# Bike work spaces or your garage setup



## FCLINDER (Sep 27, 2005)

So this was done on RM a few weeks back and I wanted to see what kind of setups are here on MTBR. RM had some really nice setups!!!! Post pics of you bike work spaces or your garage setup.

Here is mine:


----------



## todd_freeride (Aug 9, 2005)

cool idea, I'll post mine when I get home.


----------



## Strike the primer (Jan 27, 2006)

Nice Wheel Barrel!


----------



## FCLINDER (Sep 27, 2005)

Vulgar Display of Power said:


> Nice Wheel Barrel!


Blue is my favorite color!!!!!:thumbsup:


----------



## Cult Hero (Apr 30, 2007)

well, I just finished building a garage addition on my house and my bikes played a huge part in the design. I don't have a designated space, but you get the idea. Some of these are mid build, things have come together a little more recently.


----------



## ehansen007 (Sep 8, 2006)

*My Garage*

FCLINDER, love the Repsol RR. Wanna race? Only in a straight line of course and only for 1/8 mile! I know that's my only shot!


----------



## FCLINDER (Sep 27, 2005)

Nice, I am looking to put in Cabinets soon too.


----------



## stubecontinued (Mar 14, 2007)

I live above a 3 car garage with a 15 ft ceiling at my parent's house, the garage is all mine. Compared to you guys I am a mess, between a screen printing business, tools, and bikes my garage is a disaster, time to go clean


----------



## ScottJensen (Nov 24, 2006)

wonders of college...


----------



## FCLINDER (Sep 27, 2005)

ehansen007 said:


> FCLINDER, love the Repsol RR. Wanna race? Only in a straight line of course and only for 1/8 mile! I know that's my only shot!

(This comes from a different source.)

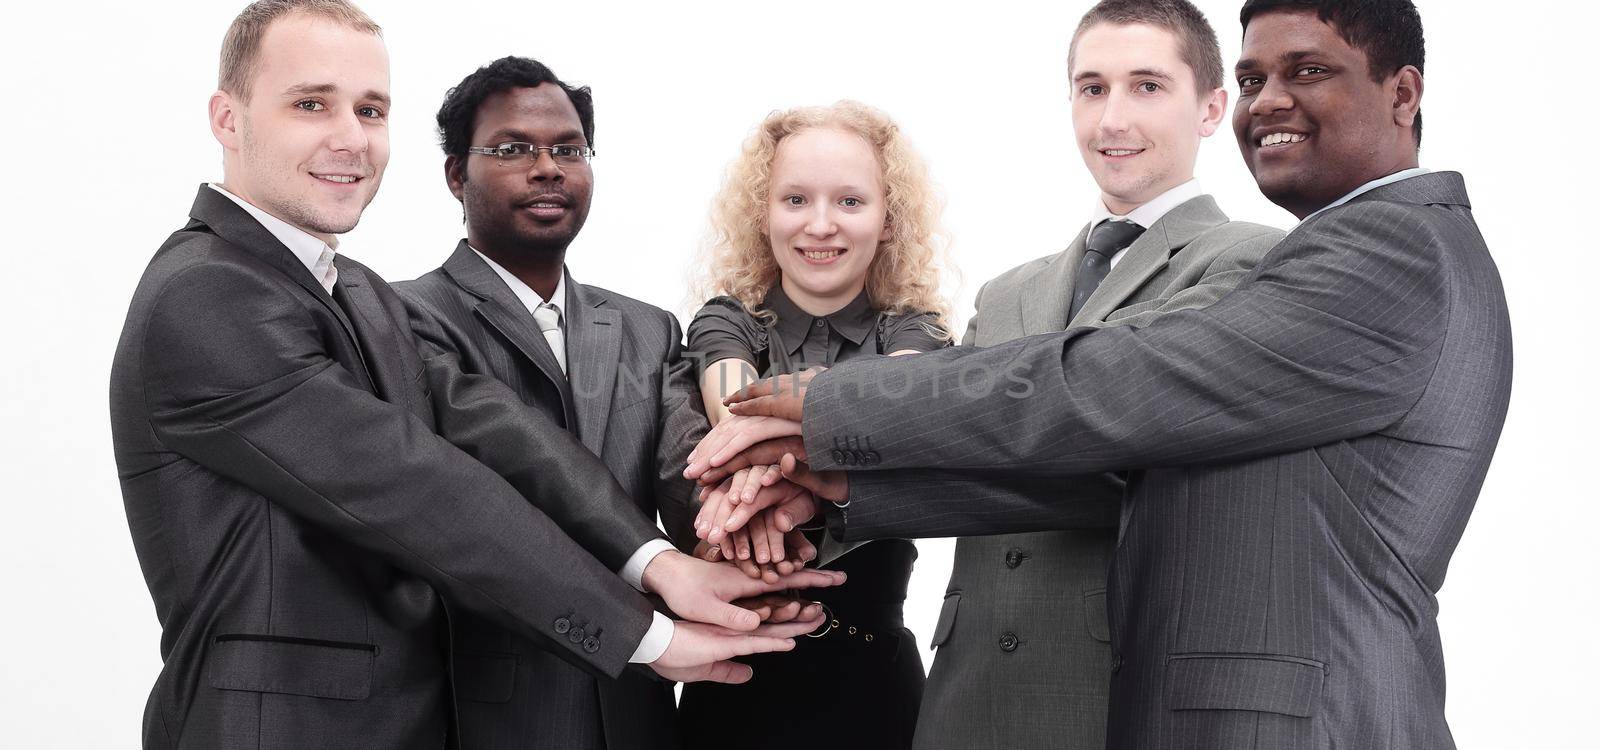 Business team showing union with their hands together forming a pile.photo with copy space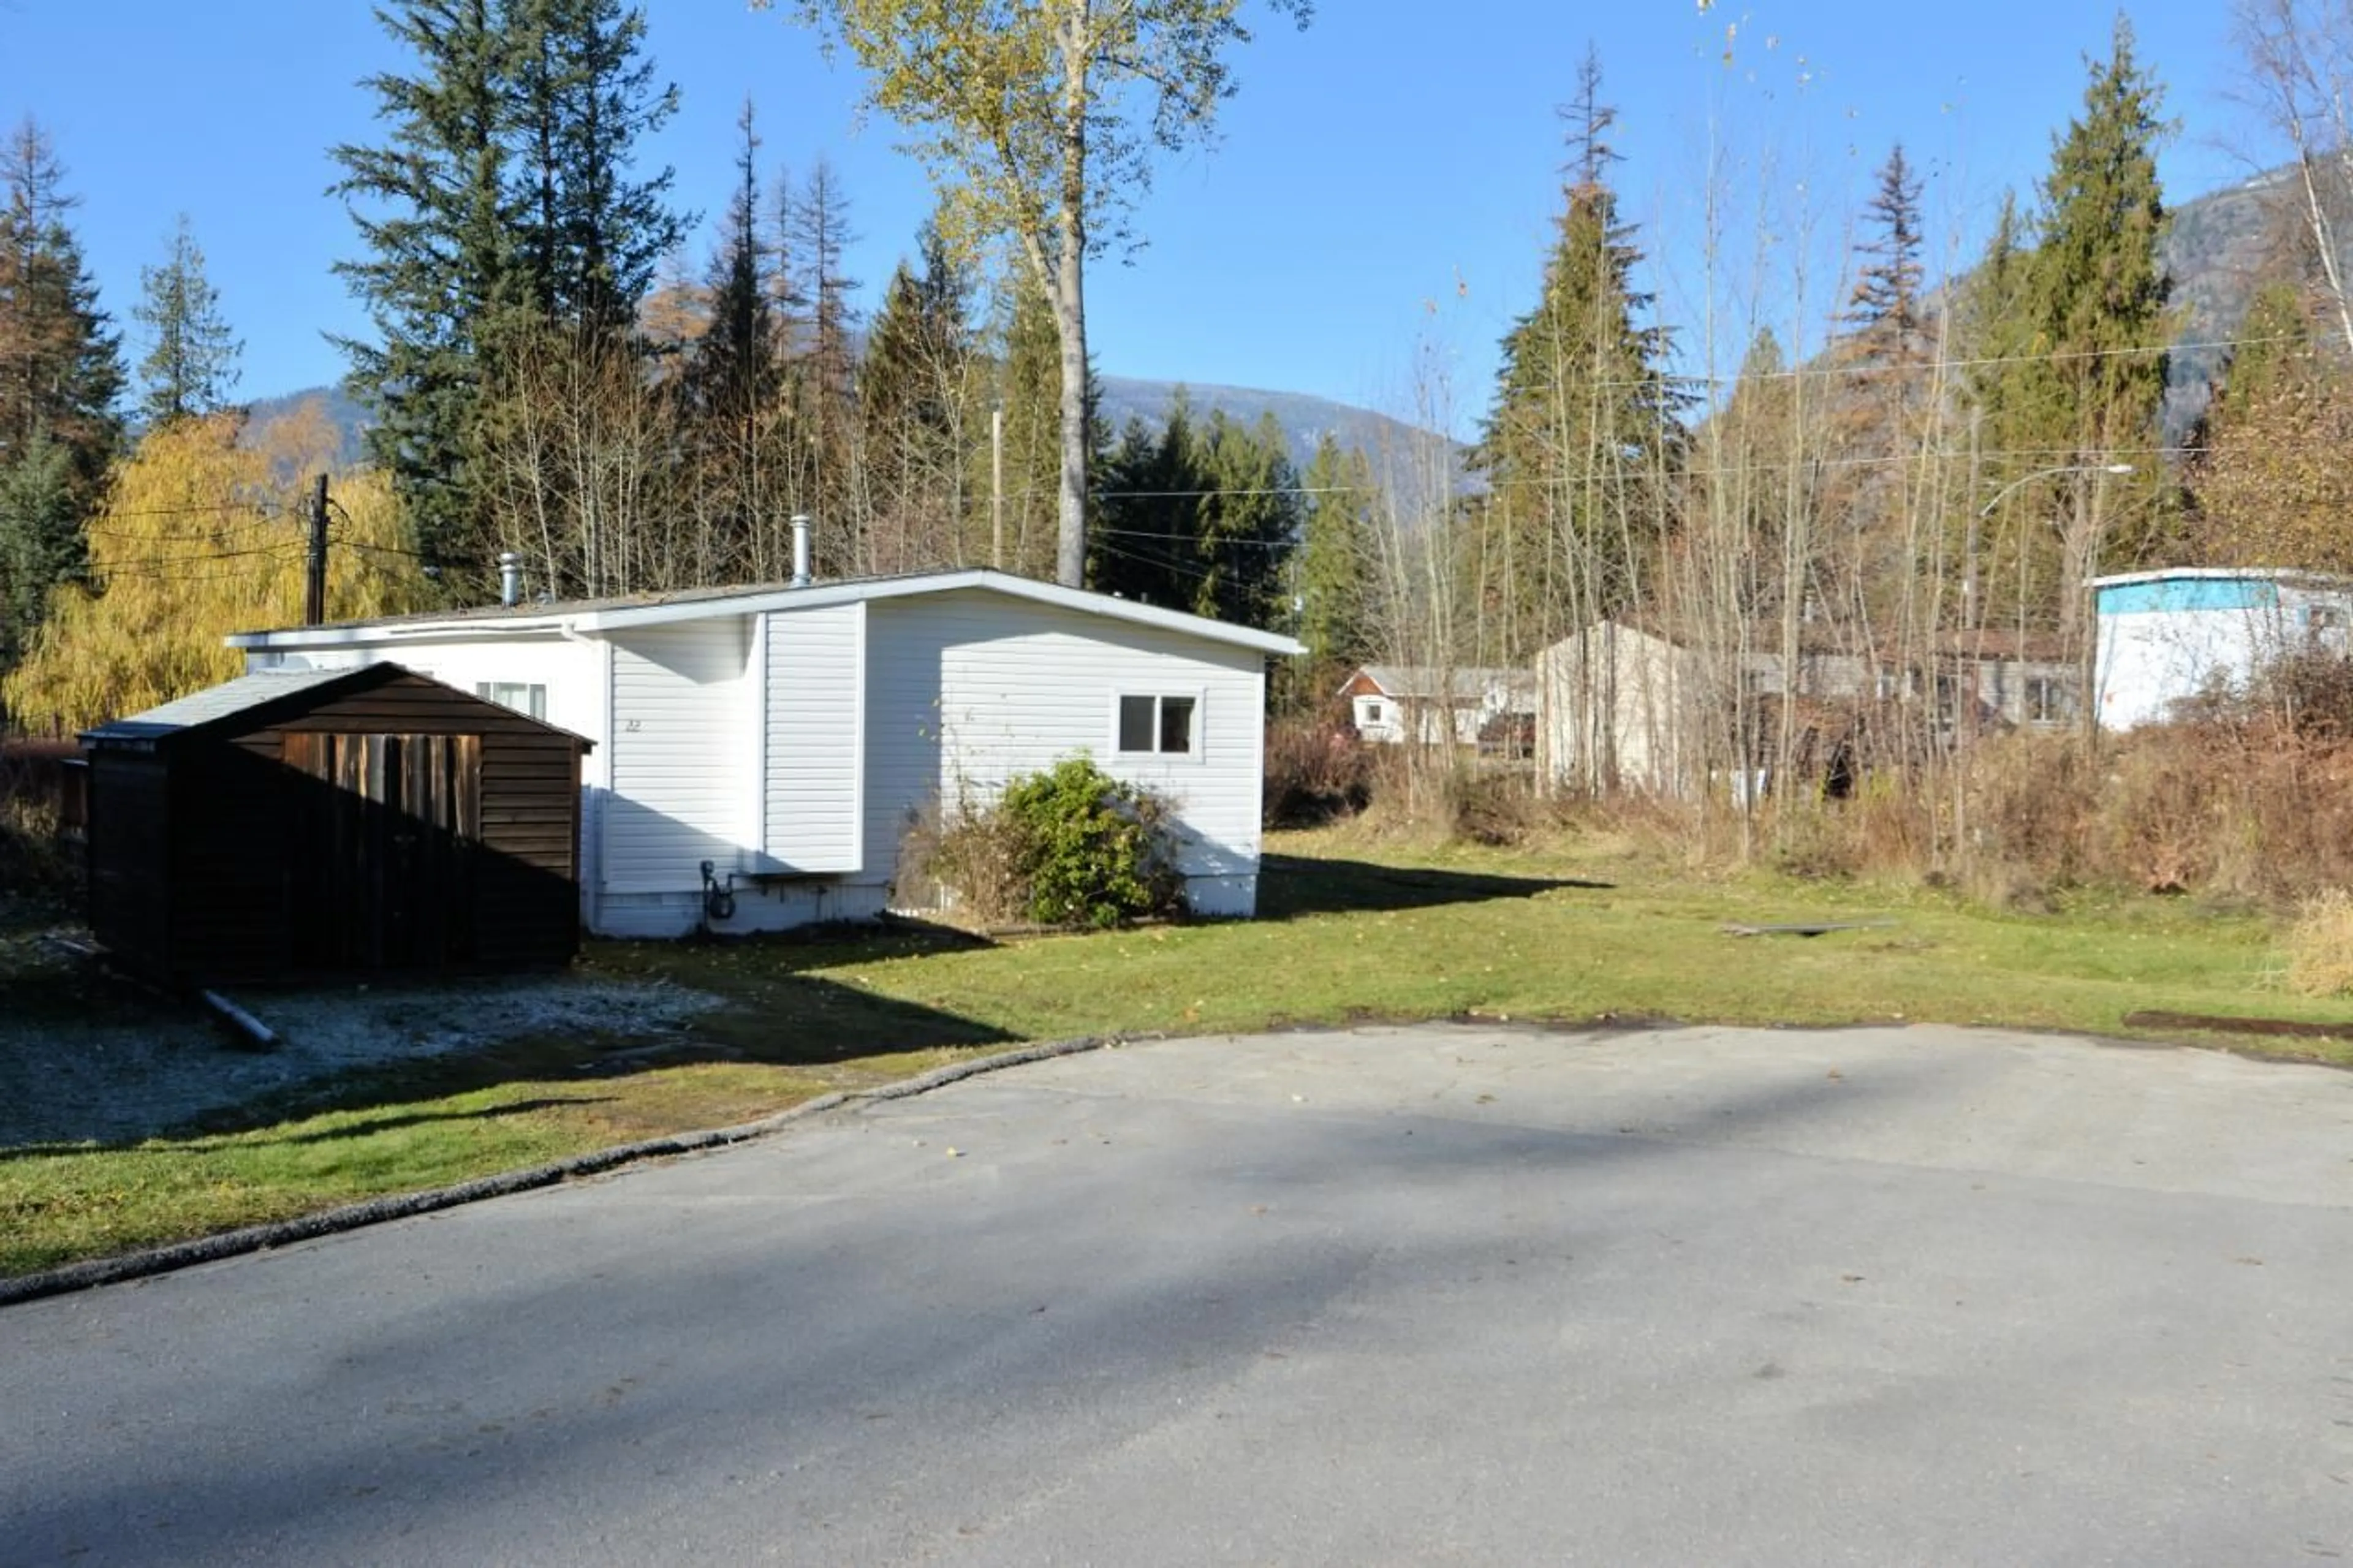 Frontside or backside of a home for 22 - 1000 INNES STREET W, Nelson British Columbia V1L7A3

Nice bike man!!!! I will have to past on the race. Don't do that kind of thing anymore. I want something slower and more up right now.


----------



## amor587 (Dec 9, 2004)

Damn you got recessed lighting in your garage.... nice!


----------



## scabrider (Oct 3, 2004)

i make space...


----------



## mtb_biker (Jan 27, 2004)

ScottJensen said:


> wonders of college...


I ment to ask on ridemonkey, but has your bike ever jump into bed with you unexpected?


----------



## freerider06 (Feb 13, 2007)

haha i have that same pic of kirt in my dorm room!


----------



## ScottJensen (Nov 24, 2006)

freerider06 said:


> haha i have that same pic of kirt in my dorm room!


got it outta decline that they had at the library :thumbsup: cant beat that.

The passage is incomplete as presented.